Immediately after birth, the stimulatory effect of hCG on the male testis, and the
suppressive effect of placental estrogens and progesterone on the pituitary and hypothalamus are
withdrawn, leading to a rapid rise in gonadotropins. The withdrawal of placental hormones may actually
lead to scant vaginal bleeding in females as well as temporary nipple discharge. The subsequent pattern
of gonadotropin hormone levels and gonadal response differs in infant boys and girls. In girls, there is a
fall in estradiol levels in the first week of life, and then a gradual minimal rise that continues for one to
two years. In boys, testosterone levels rapidly decrease in the first week of life, and then increase to
pubertal levels for two to four months before declining.

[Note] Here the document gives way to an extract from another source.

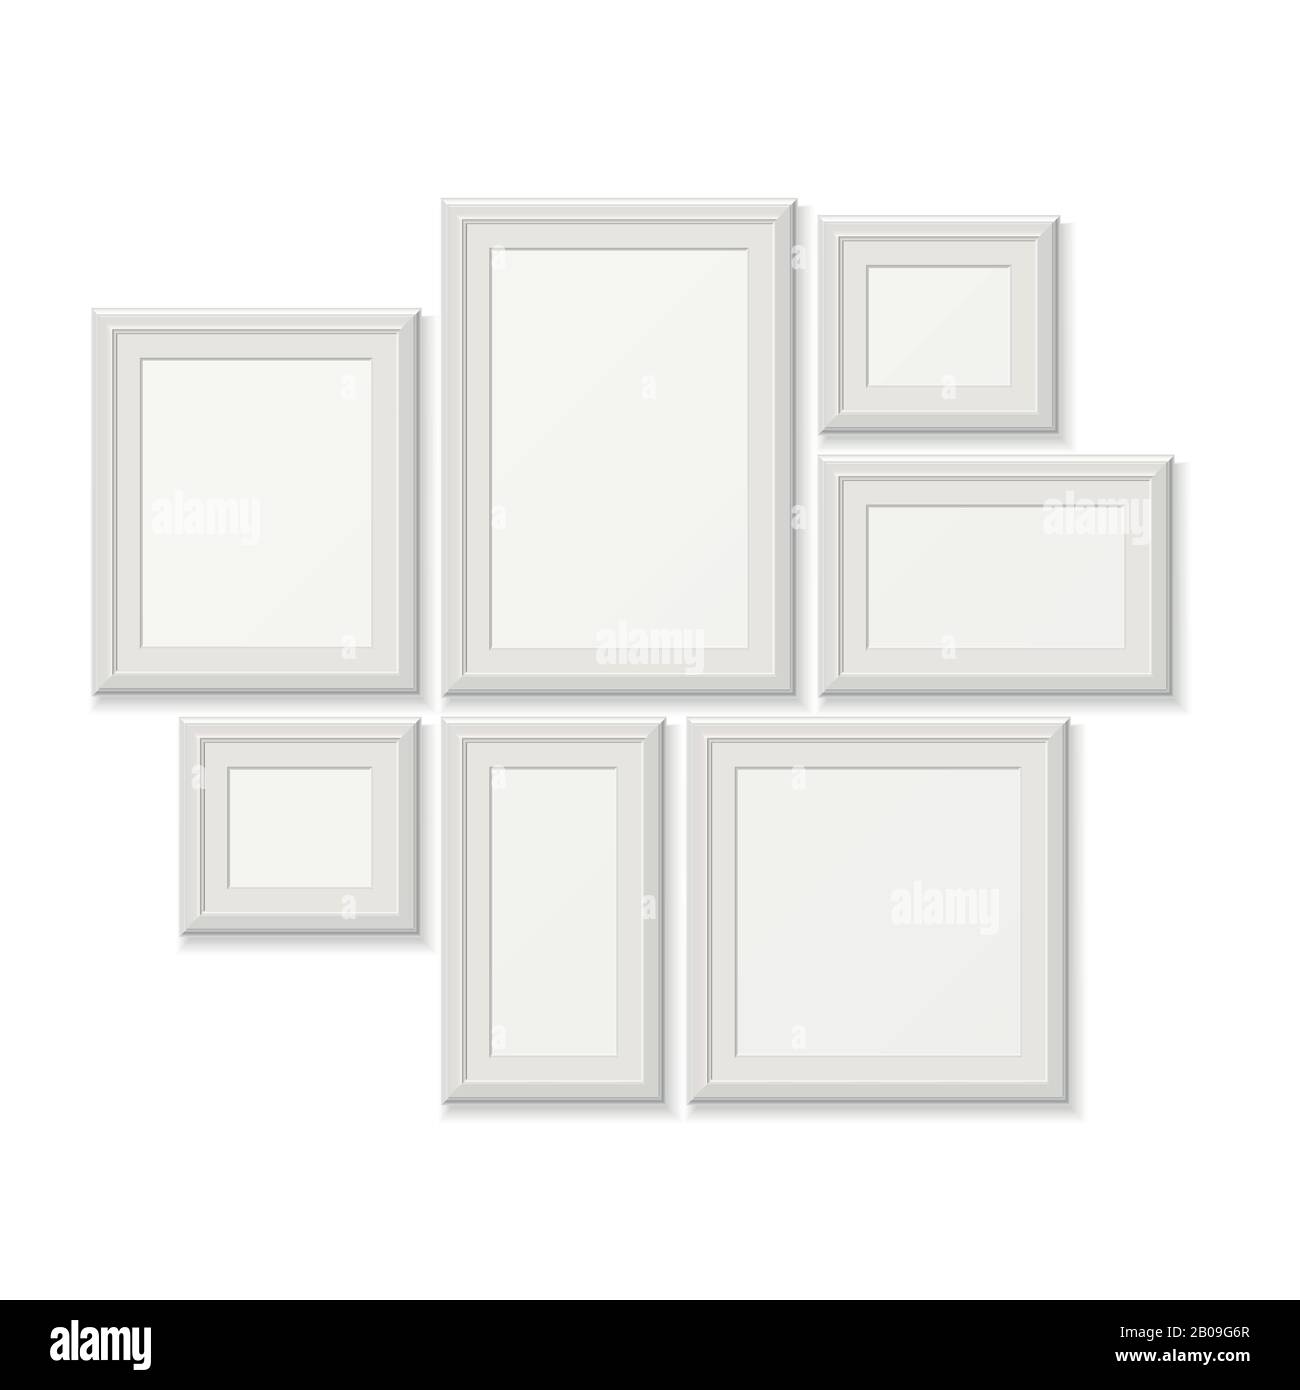 Cuadros blancos vacíos de la pocture, bordes 3d de la foto aislados en la  pared blanca. Conjunto de marcos para fotos, galería con ilustración de  marcos de fotografías Imagen Vector de stock

The period between infancy and puberty are marked by very low levels of
gonadotropins and gonadal steroids. Even in children without functioning gonads (Turner's Syndrome,
XO gonadal dysgenesis), the gonadotropins remain low suggesting a profound suppression of the
hypothalamic GnRH center. Classic experiments in the rhesus monkey by Knobil (for which the Nobel
Prize in medicine was awarded) reveal that the administration of pulsatile GnRH to the prepubertal
monkey can initiate puberty.
The finding that the administration of pulsatile GnRH can initiate puberty and
experimentally induced lesions in the anterior hypothalamus in animals can cause precocious puberty
suggest that there is an active "off" center which suppresses the pulsatile release of GnRH. Accidents in
nature in humans (hypothalamic tumors, hydrocephalus, epilepsy) can lead to precocious puberty in
boys and girls. To date, no specific locus of suppression which is destroyed by tumors or turned "off" at
puberty has been found in humans.
Human puberty is defined as the transition between the juvenile state and the mature
reproductive state when secondary sex characteristics develop and fertility is achieved. It is composed
of the relatively synchronous processes of adrenarche and gonadarche. Adrenarche occurs usually one
to two years before gonadarche and is independent of gonadarche. Children without functioning gonads
will achieve adrenarche. Puberty includes the adolescent growth spurt, growth of pubic and axillary hair
in males and females, and specific secondary sex characteristics for males and females.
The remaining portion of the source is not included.